#### Information provided
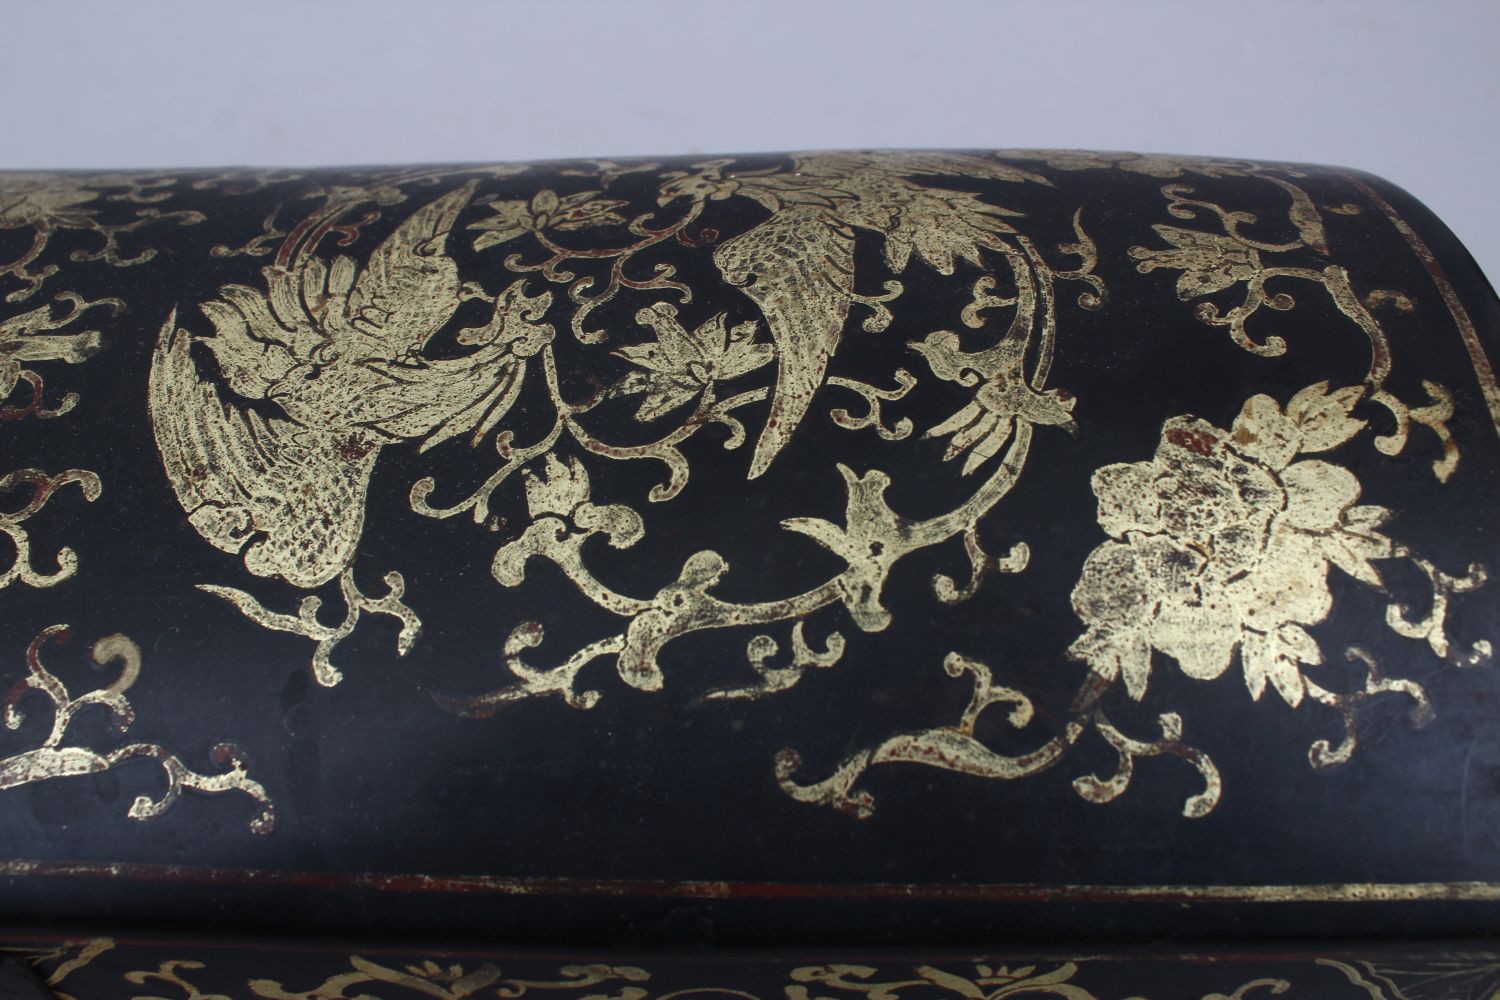 A GOOD 19TH CENTURY CHINESE LACQUER CHEST / BOX, the lacquer box with gilded decoration of dragons - Image 7 of 12
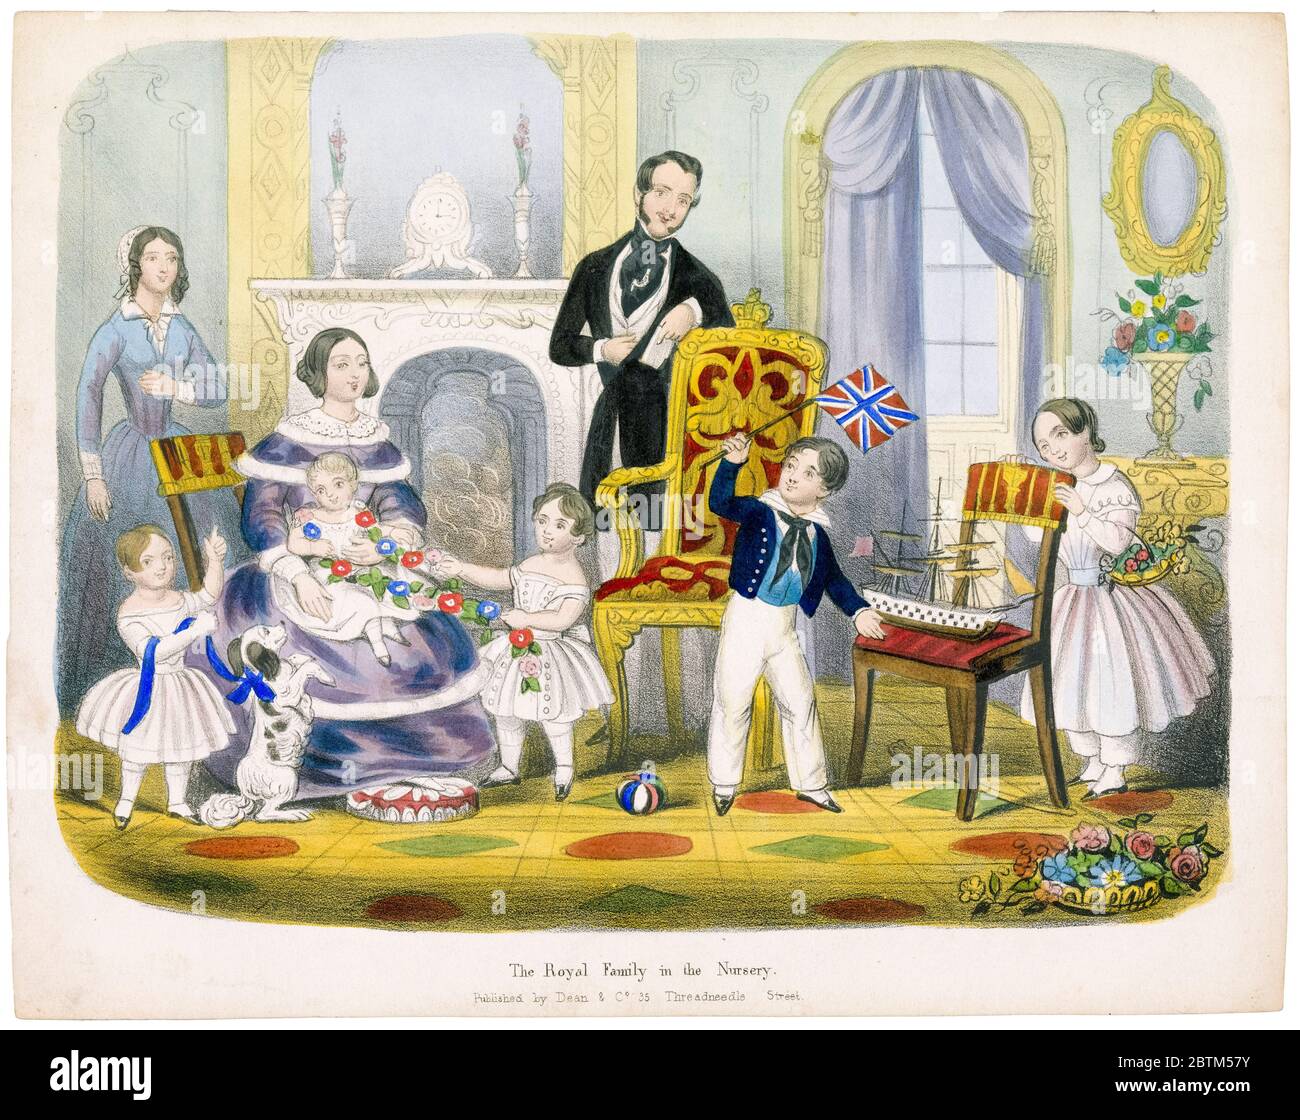 Royal family in the nursery: Queen Victoria, Prince Albert, and their children, print by Dean & Co, circa 1845 Stock Photo
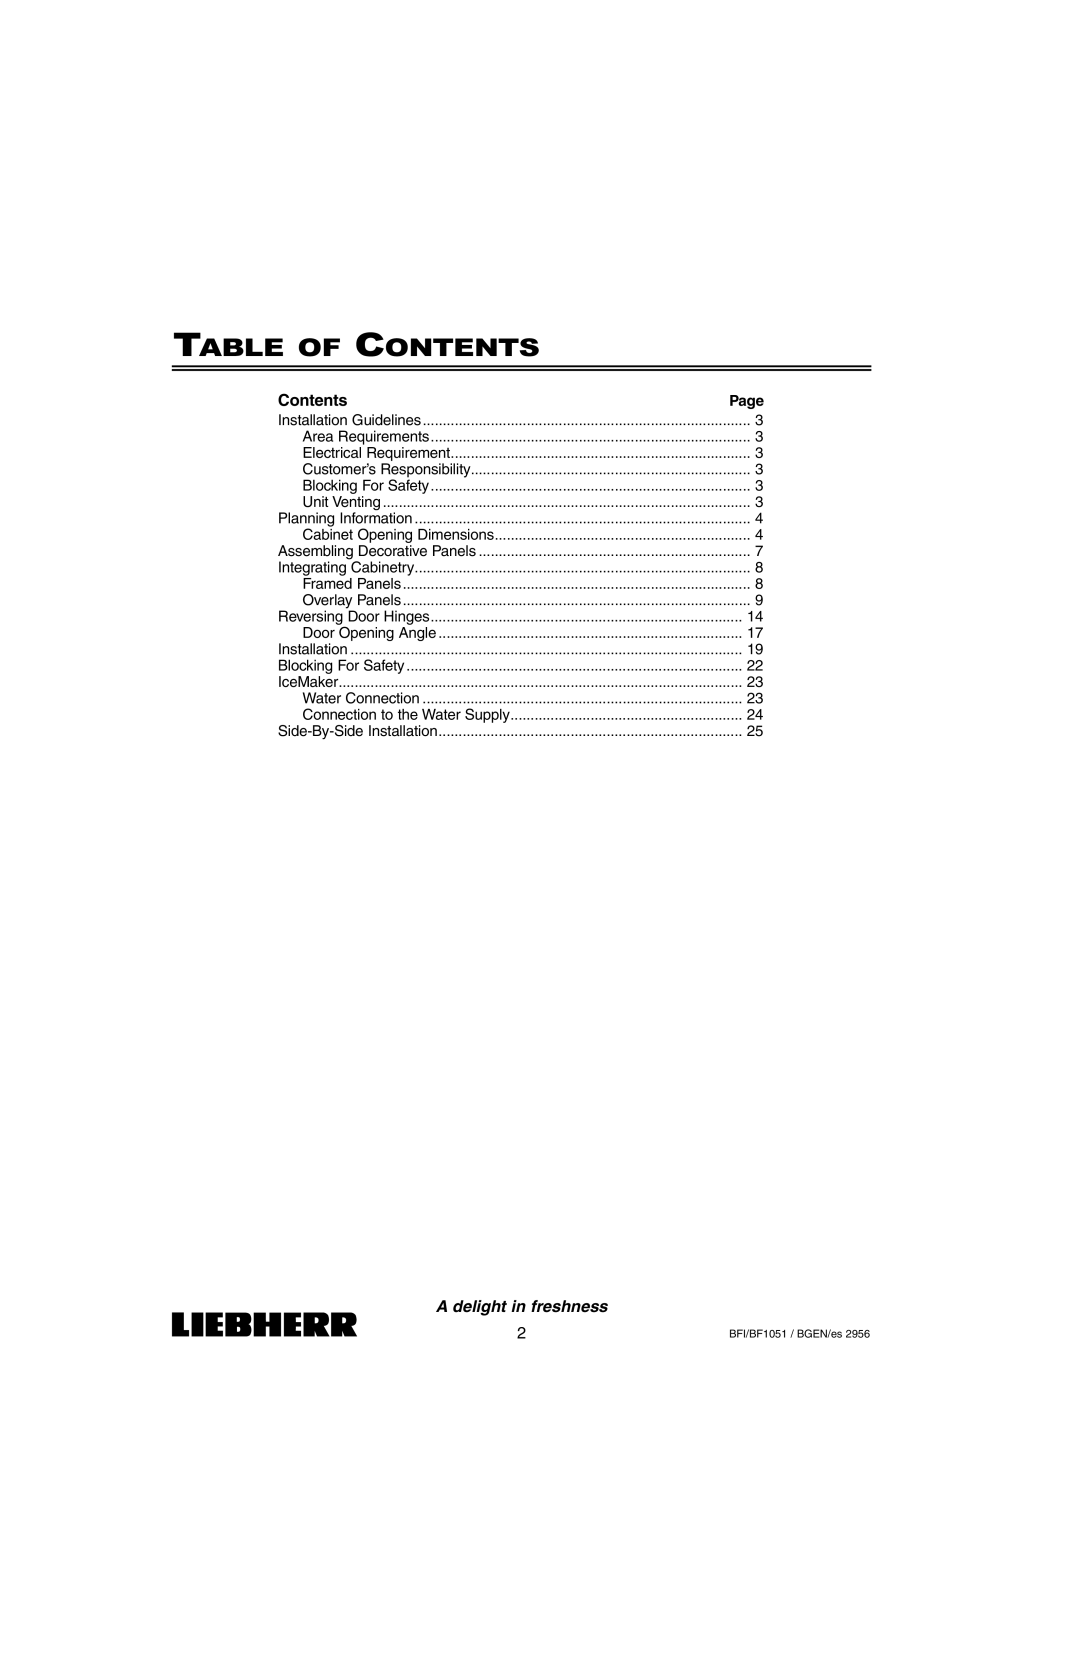 Liebherr BFI1051, BF1051 installation instructions Table Of Contents, A delight in freshness 
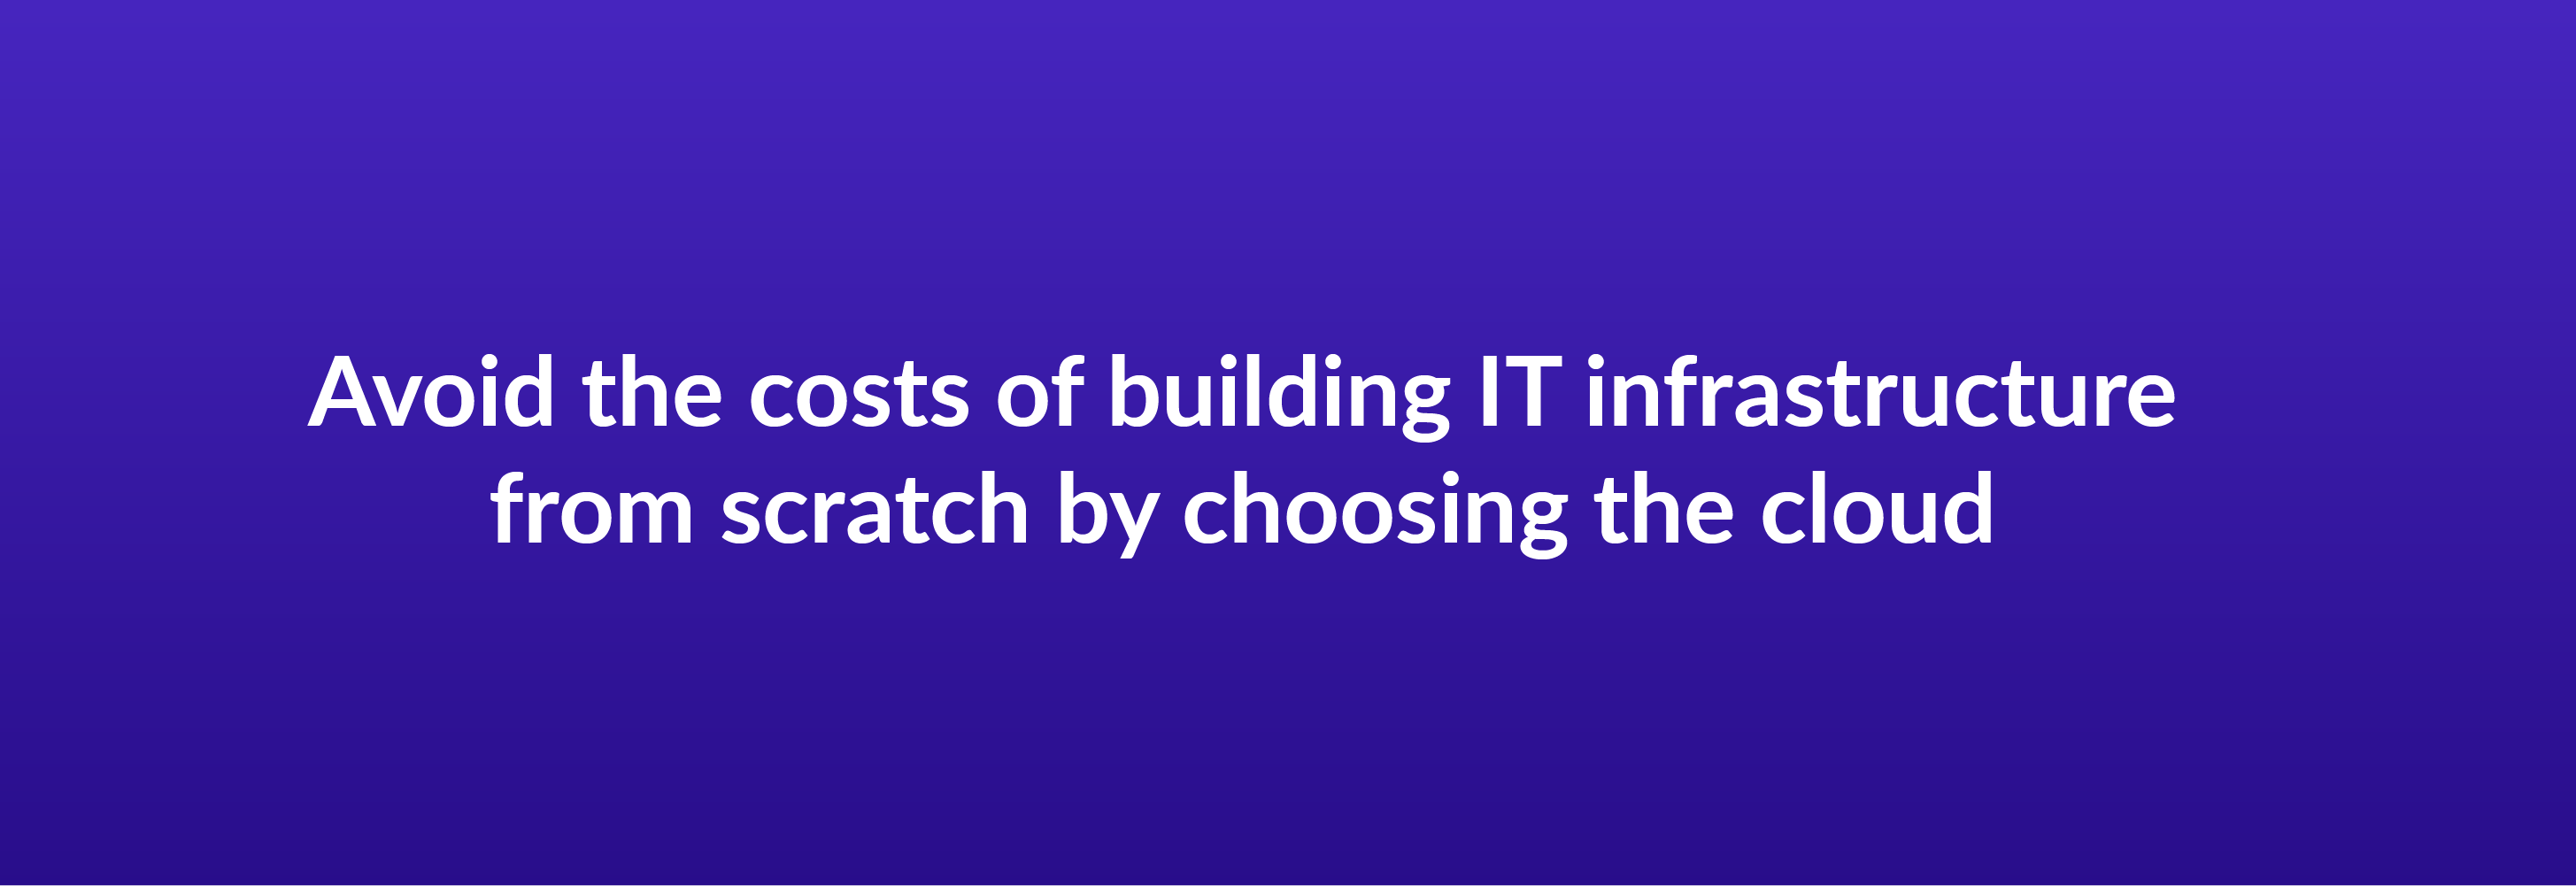 Avoid the costs of building IT infrastructure from scratch by choosing the cloud

#### What needs to be done
Please transcribe exactly the lines from the one containing "Liebherr BFI1051, BF1051" through the final line of the data, including both, and nothing else. Pictures are to be left out.

#### Result below
 Liebherr BFI1051, BF1051 installation instructions Table Of Contents, A delight in freshness 
 Avoid the costs of building IT infrastructure from scratch by choosing the cloud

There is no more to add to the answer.